- Traders are maintaining expectations for European Central Bank interest rates, now pricing in only a modest 5 basis points of rate cuts for 2026, reflecting a shift from earlier forecasts.
- This adjustment aligns with market pricing via overnight index swap curves, which have priced out most 2026 cuts following better-than-expected macroeconomic data.
- The ECB held rates unchanged at its February 5, 2026, meeting, with President Christine Lagarde emphasizing a data-dependent approach amid stabilizing inflation near the 2% target and subdued growth.
Eurozone inflation fell to 1.7% in January 2026, down from 2.0% in December 2025, prompting muted market reactions with the euro steady at around 1.18 versus the dollar and German Bund yields at 2.88%. Traders' bets reflect this caution, with consensus forecasts holding the deposit rate near 2.00% through 2026, though some see minor easing, according to people familiar with the matter.
Efforts to adjust rate expectations have hit a snag as recent data surprises shifted OIS curves upward, pricing out 2026 cuts—similar to post-2022 tightening phases when resilient data delayed easing. Without more dovish signals, the ECB would be forced into a prolonged hold, analysts say. Core inflation, excluding energy and food, is forecast at 2.0%-2.2%, supporting the central bank's stance.
In a brief statement, an ECB spokesperson reiterated the meeting-by-meeting approach, though attempts to reach officials for further comment were unsuccessful. Market participants note that lower rate cut expectations maintain borrowing costs, benefiting savers but pressuring borrowers and exporters via a stronger euro hurting competitiveness.
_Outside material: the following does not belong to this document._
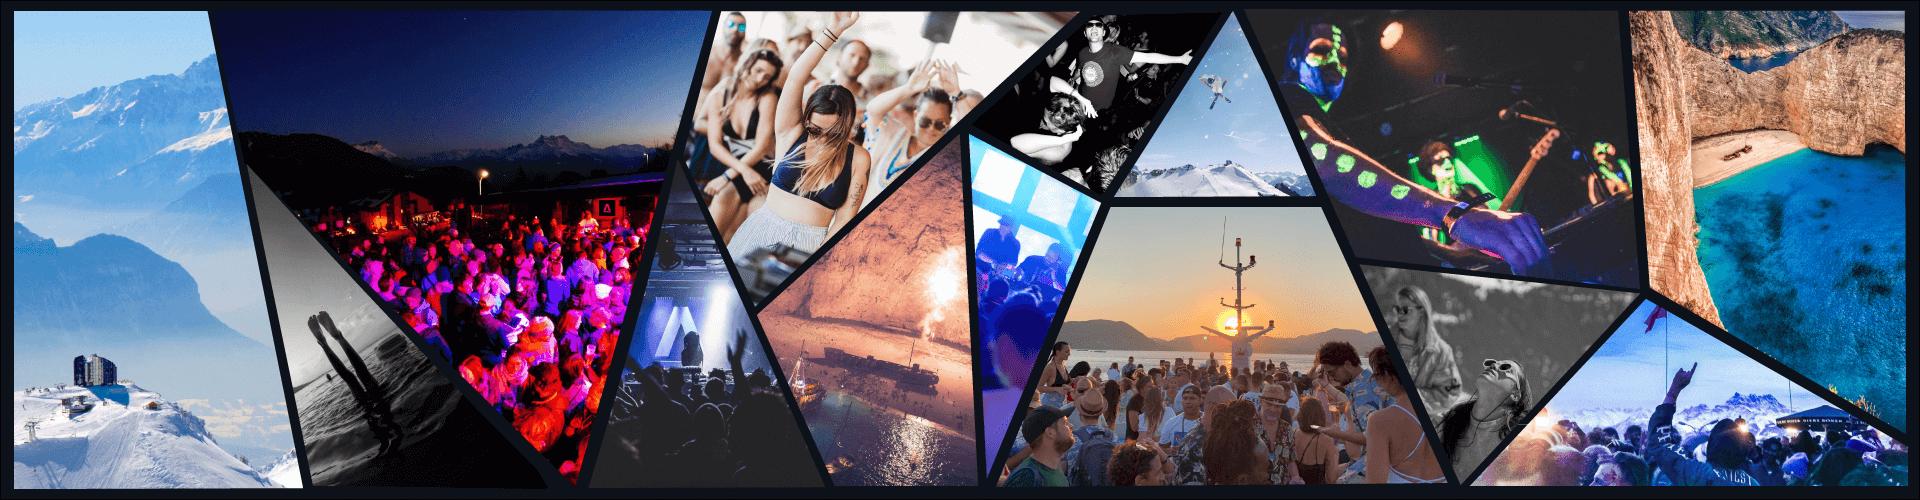 Shapes Festival

The eurozone economy is projected to grow at 1.2% in 2026, with inflation at 1.9%, according to ECB staff projections.
Looking ahead, short-term steady rates are likely through mid-2026; Bank of America forecasts a final 25 bps cut in March 2026, then holds, while Capital Economics sees cuts "more likely than hikes" later, data-dependent. Longer-term, neutral rates around 2.00%-2.25% by 2030 if inflation stabilizes, with potential hikes post-2026 per markets and surveys. This mirrors global trends, such as Fed steady-rate bets amid US data resilience, though indirect via tariff mentions.
Correction: An earlier version misstated the inflation figure for December 2025; it was 2.0%, not 2.1%.